As I sat down, I heard the doors open from behind us and turned to see my aunt, Connor’s mom, walking through the doors into the sanctuary. She was flanked on both sides by my cousins, her remaining son and daughter. As she walked towards the front, she stumbled with almost every step, my cousins holding her up to keep her from collapsing. It took everything in her to make what seemed like a mile-long walk to the casket. To see the pain, the sorrow, the agony at the loss of her son… it was unbearable. Worse than saying my own goodbyes was seeing the grief of a loving mother say goodbye to her son.

Looking back, I can’t help but imagine that is how Mary the Mother of Jesus felt on the day her son was crucified. And not just Mary, but God the Father as well.

Sometimes it can feel like God has forsaken us, that he is far away, and does not answer our cries (vs 1-2). When I wonder where God is in the suffering, I am reminded that he knows suffering all too well. God has not ignored us or turned his back on us, but instead he has heard our cries for help (vs 24).
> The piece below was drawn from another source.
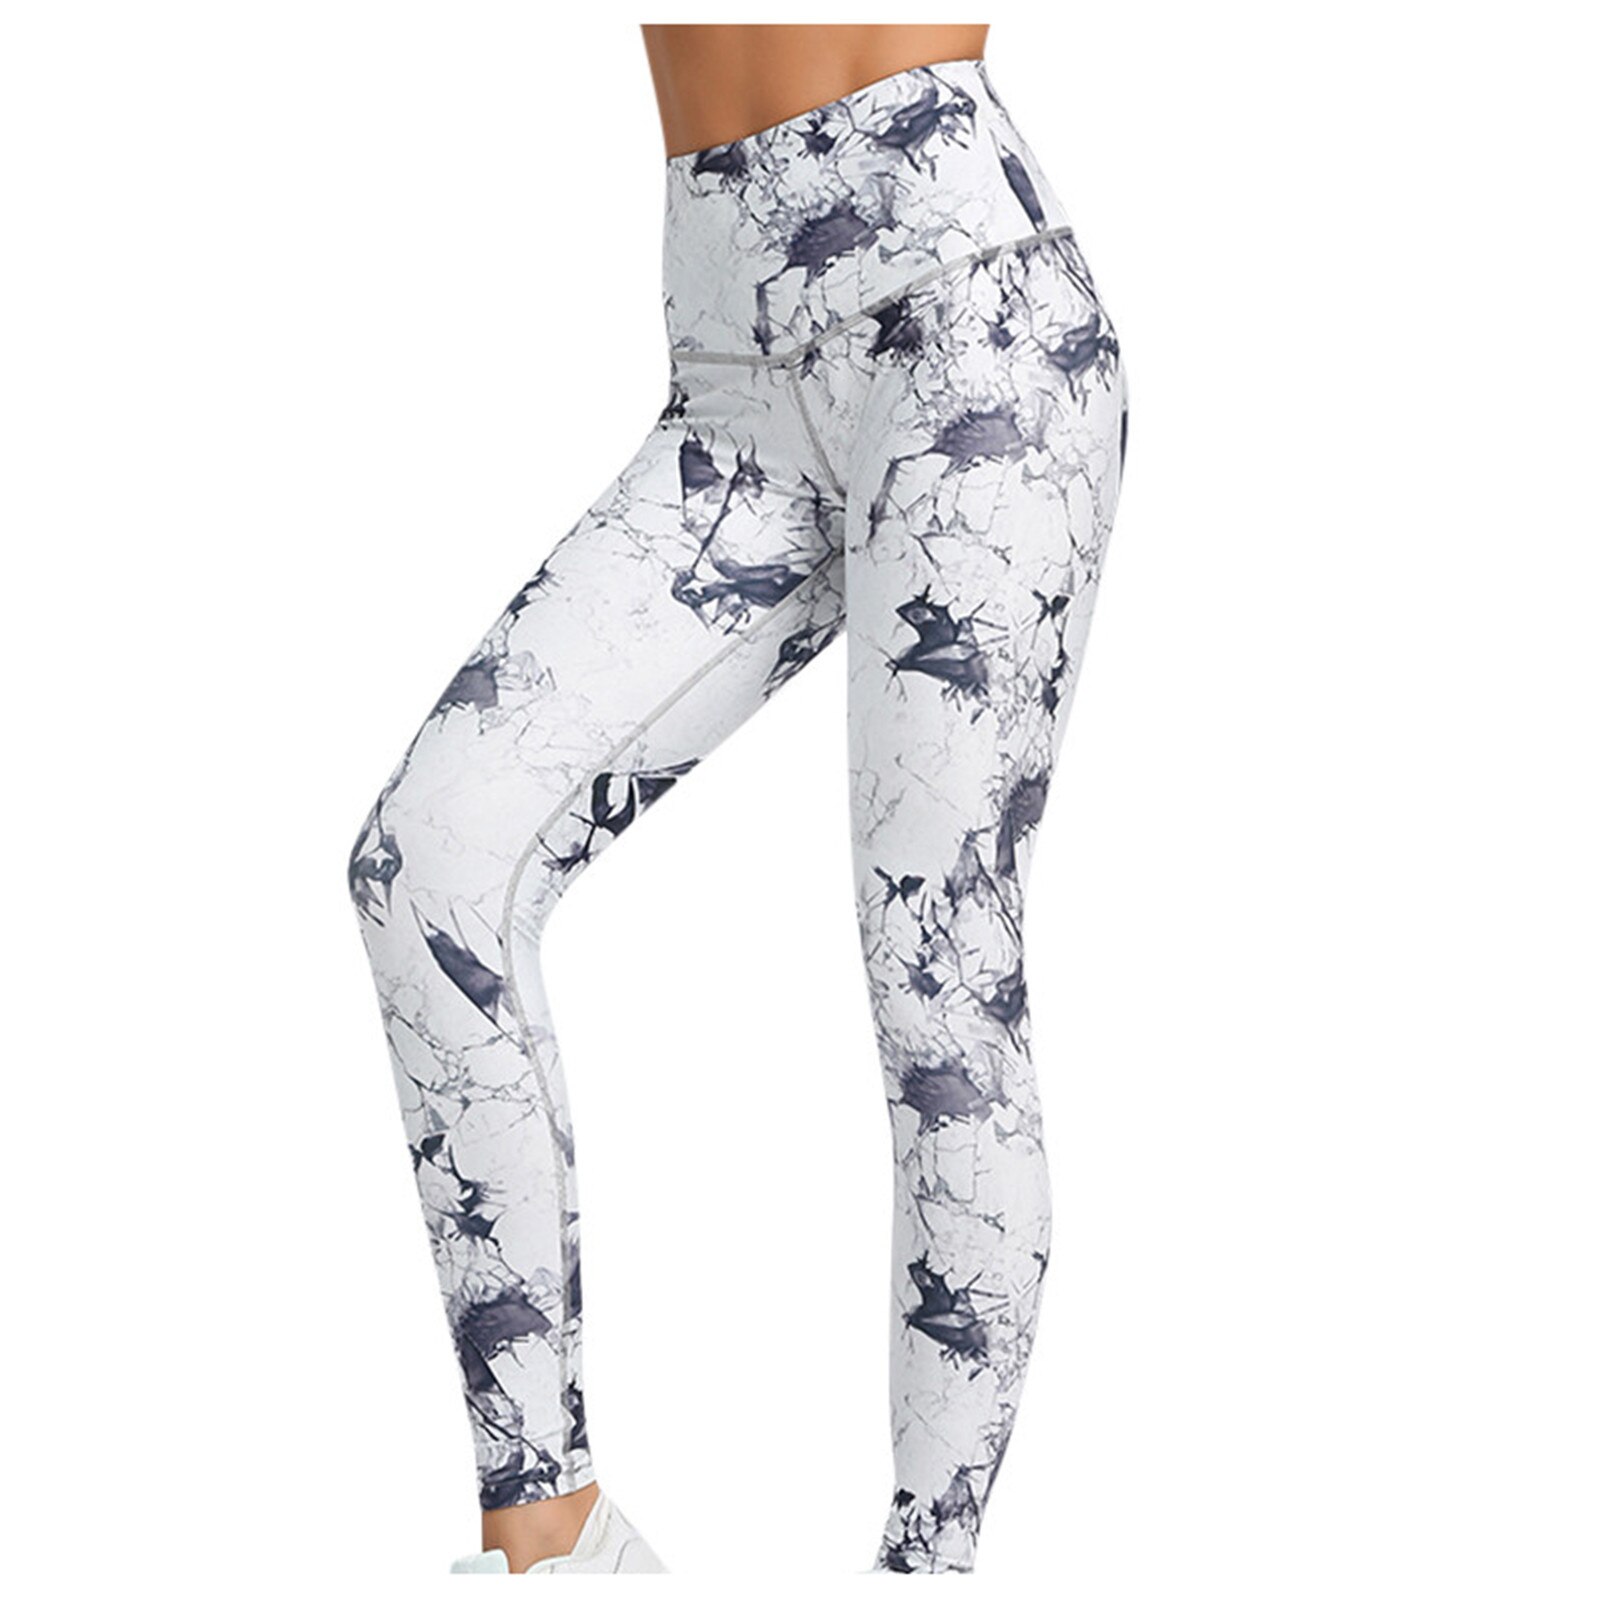 Women's Print Sport Yoga Pants Workout Fitness Leg...

He responds with a story of redemption and resurrection that none of us deserve, but could only hope to be true.

While my cousin’s death didn’t have the same resurrection ending as Jesus’ did, we know that death does not have the final word and we trust that we will see our sweet Connor again in heaven.

And so, we wait. We sit in the already but not yet of death and resurrection. We have hope. Hope that comes when the new day dawns. But until then, we lament the pain and the hardships of this life. We turn to God in our confusion and unknowns. We ask ourselves “Why oh God have you forsaken me?” and we sit and wait, knowing that our God hears every cry and every prayer. And through it all, he has resurrection and new life waiting for us on the other side.